=== Input data ===

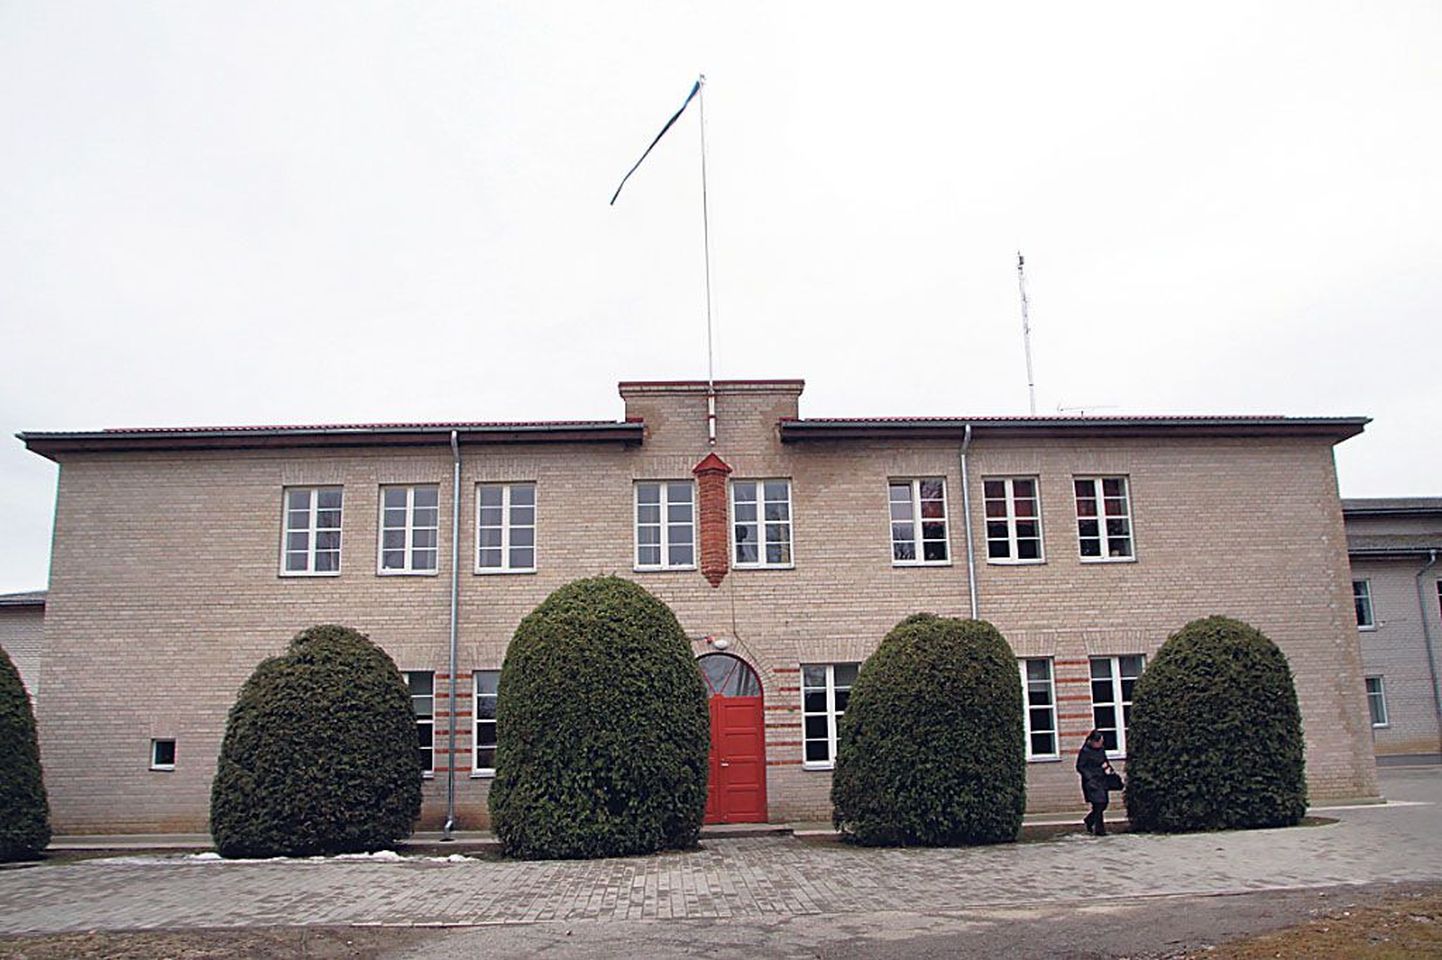 Pärnumaal tegevuse lõpetavate koolide nimekirja jätkab Viira kool, auväärne 1858. aastal asutatud õppeasutus.
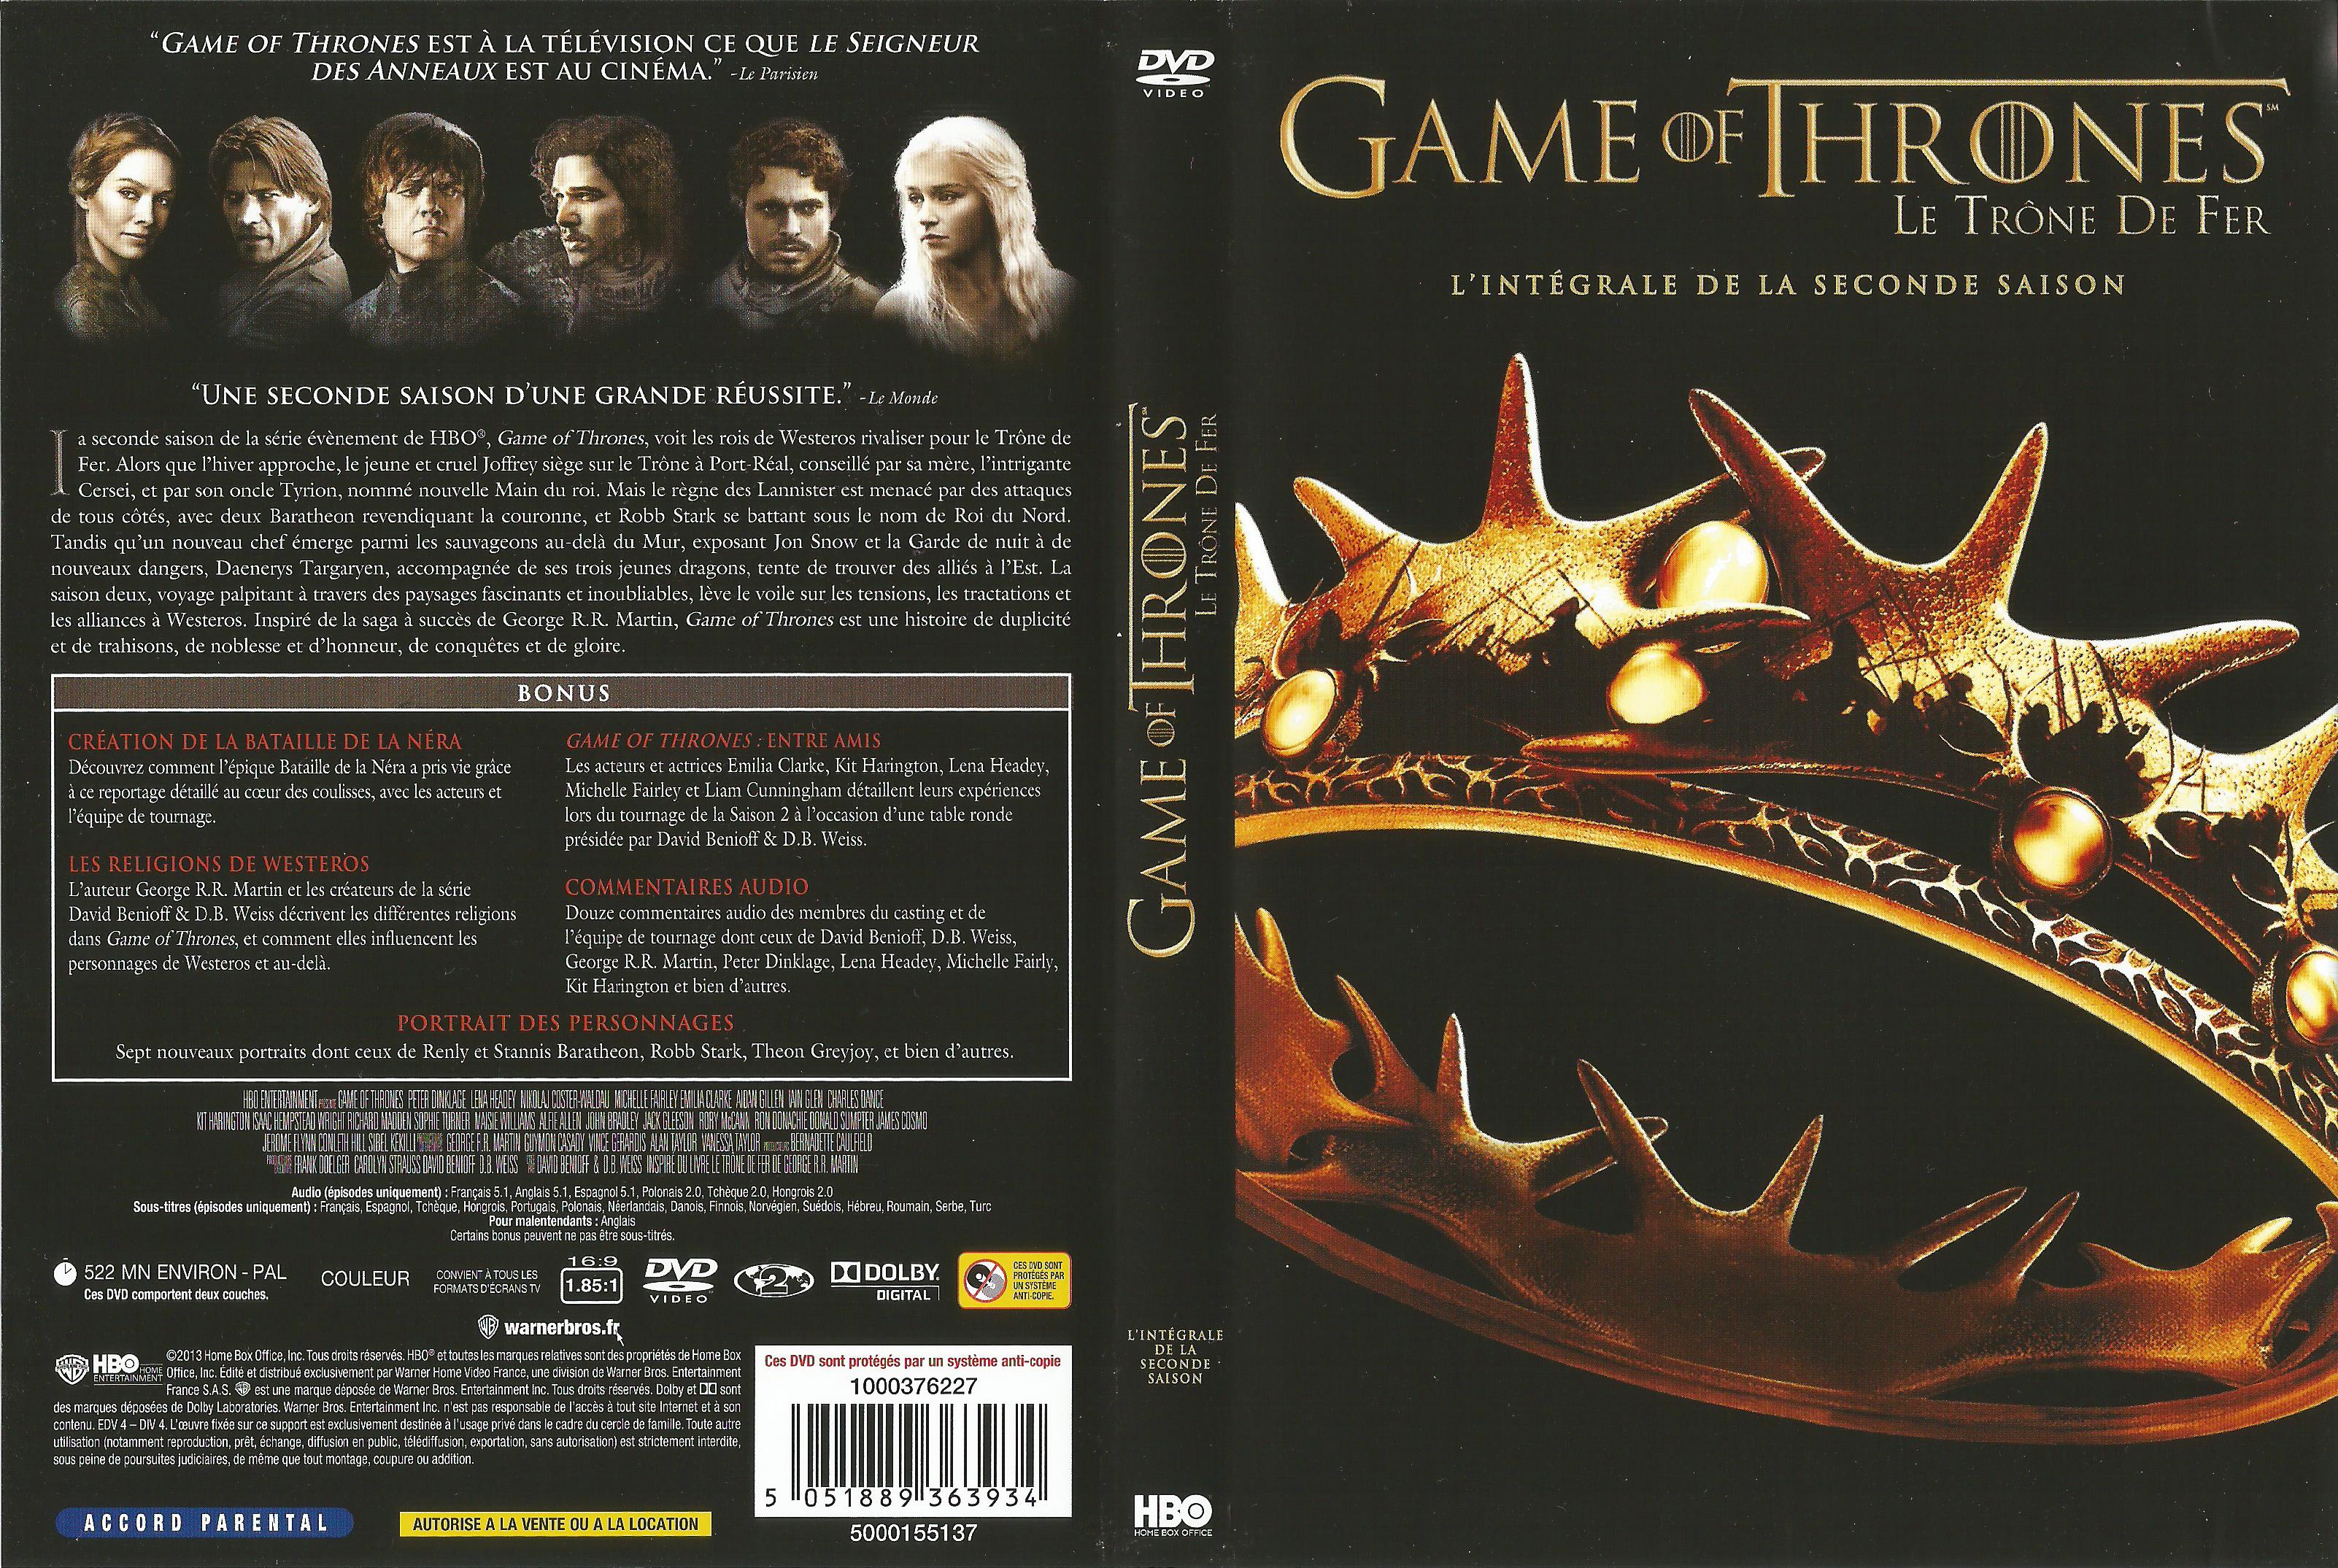 Jaquette DVD Game of thrones (le trone de fer) Saison 2 v2
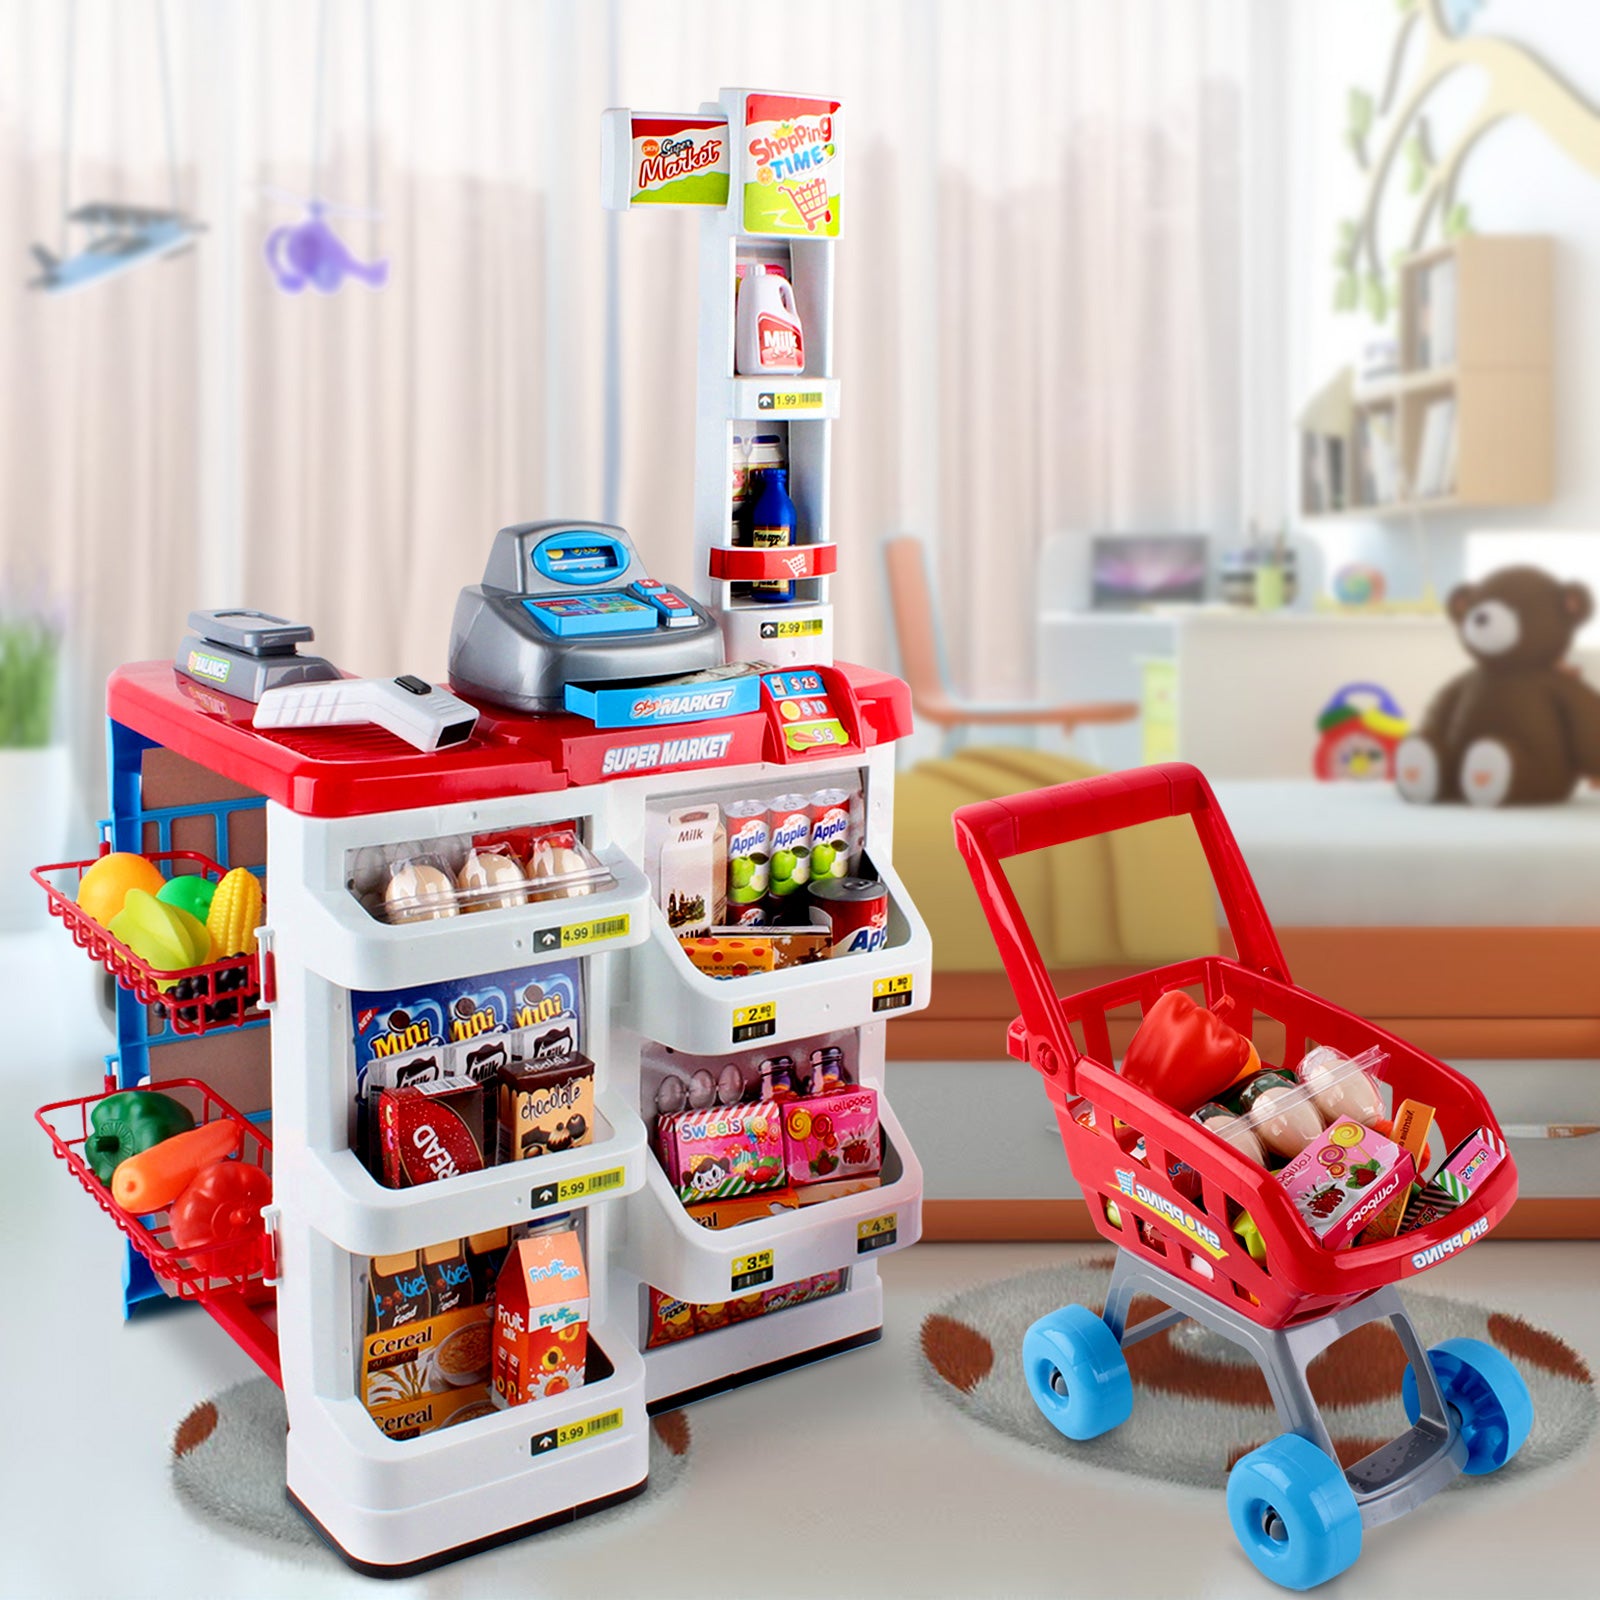 24 Piece Kids Super Market Toy Set - Red & White - image7
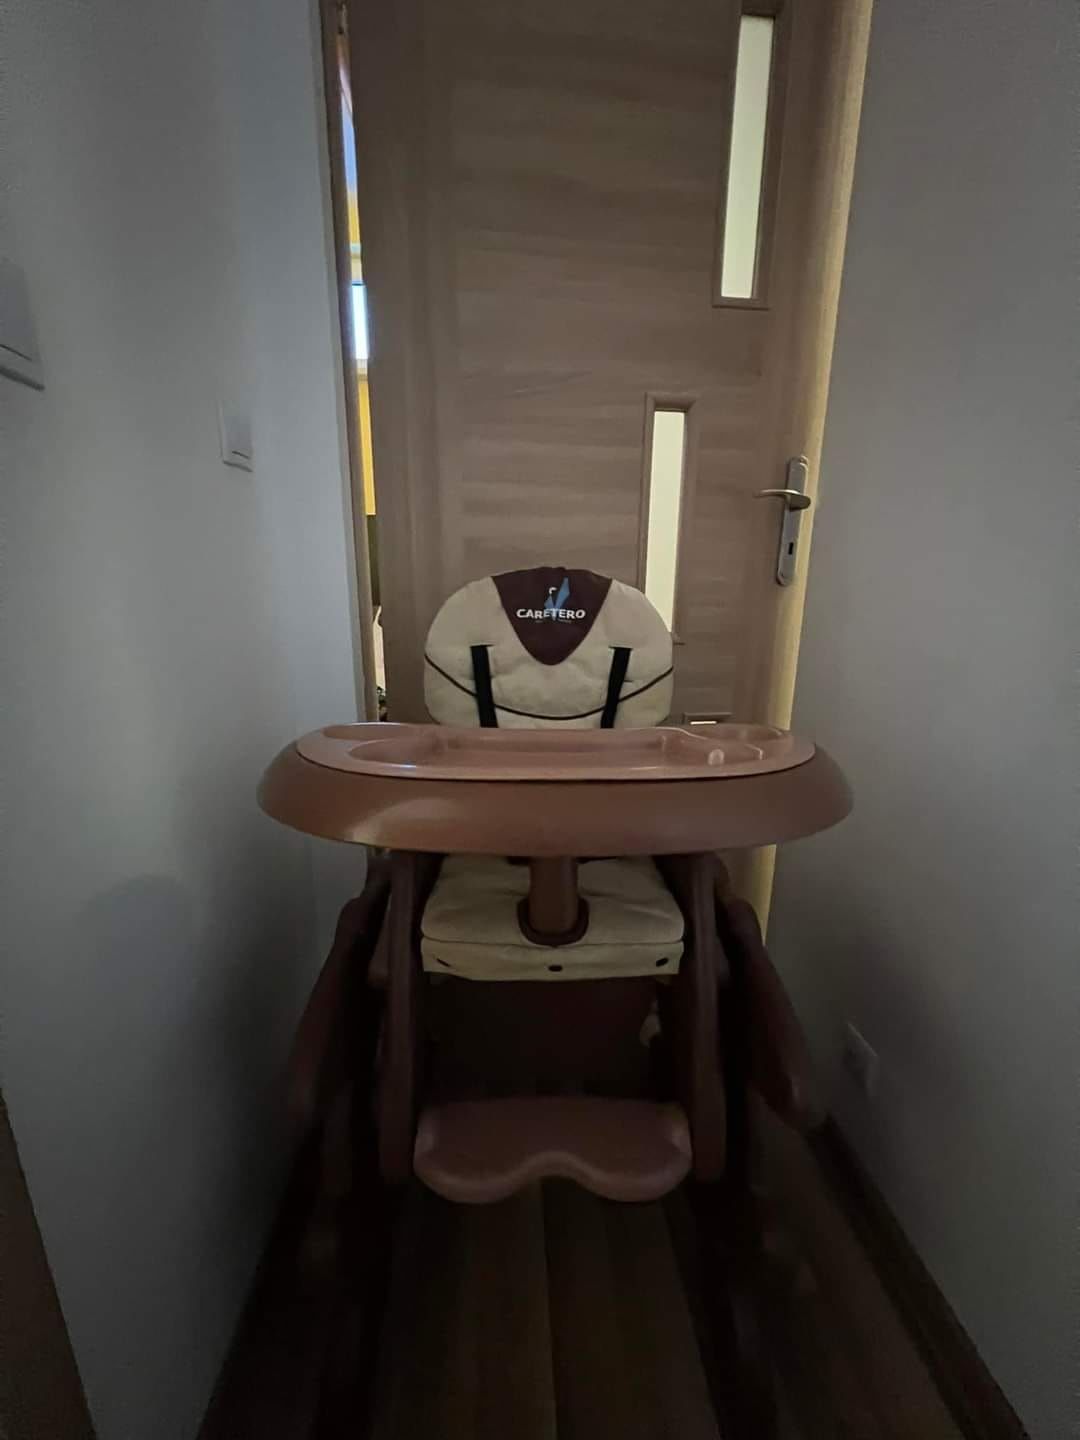 Stolik,krzesełko dla dzieci Caretero

===

▶ _Work order_: Reproduce exactly the lines above from the one with "Jaquette DVD Game" through the last line of the data, keeping both ends and dropping the pictures.

▶ _Your response_:
 Jaquette DVD Game of thrones (le trone de fer) Saison 2 v2
 24 Piece Kids Super Market Toy Set - Red & White - image7
 Stolik,krzesełko dla dzieci Caretero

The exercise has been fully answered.